Yes. A low-risk grade means the obvious red flags are absent, not that the address is verified real. A patient fraud operator can register a domain, age it for a year, set up SPF and DMARC, and create human-looking aliases that score as low-risk on every automated check. Risk scoring catches the high-volume, low-effort attacks that make up most fraud. For high-stakes flows (payment, KYC, financial onboarding), pair email risk with IP risk, behavioral signals, and identity verification.
Disposable email detection answers one yes/no question: is this address from a known throwaway provider? Email risk scoring answers a broader question by combining the disposable signal with five or more others (breach history, domain age, catch-all status, role address, suspicious username, risky TLD). The risk grade is what most fraud and abuse systems actually want as input. The disposable flag is one feature inside the risk score, useful on its own only when you specifically want to gate by that single signal.

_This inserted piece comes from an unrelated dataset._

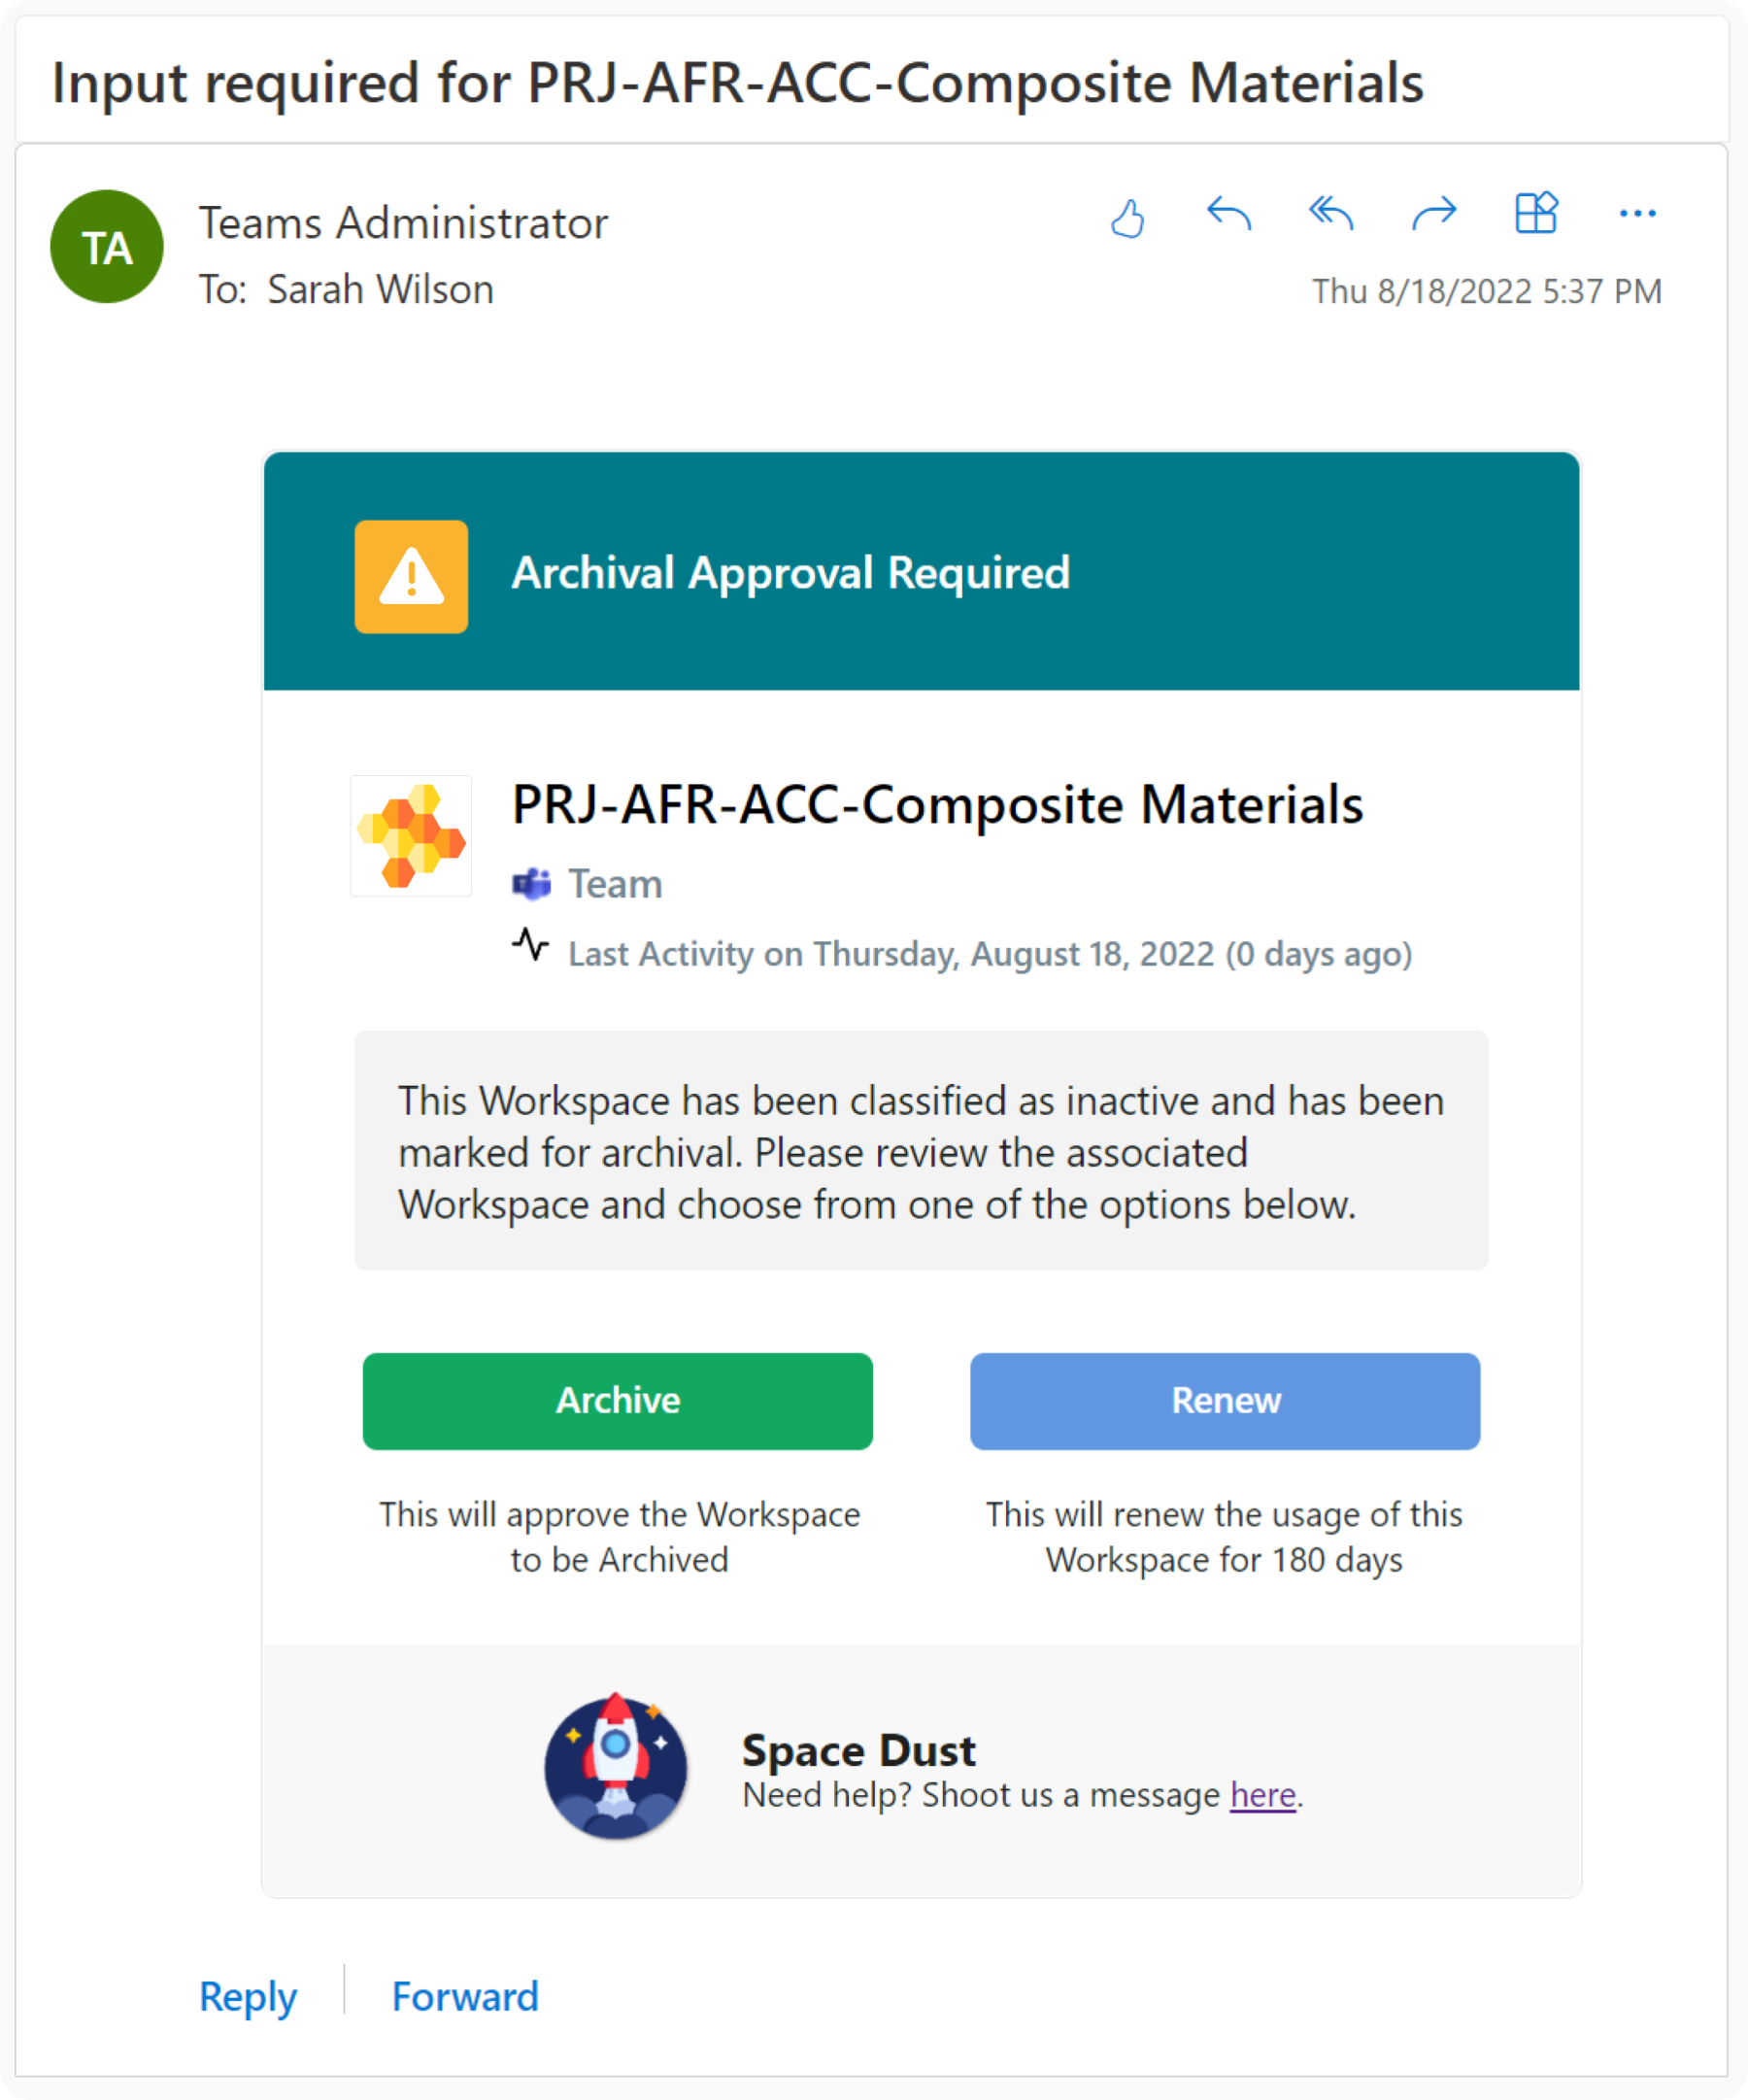 Orchestry's automated Microsoft Teams archiving notification

Accuracy depends on what you mean by accurate. The risk grade is calibrated to predict aggregate fraud rate, not individual outcomes. A medium-risk grade does not mean a specific address is 50% likely to be fraud; it means the population of medium-risk addresses converts to confirmed fraud at a measurably higher rate than low-risk and a lower rate than high-risk. Use the grade as one signal in a risk model, set thresholds based on your own conversion data, and revisit them as fraud patterns shift.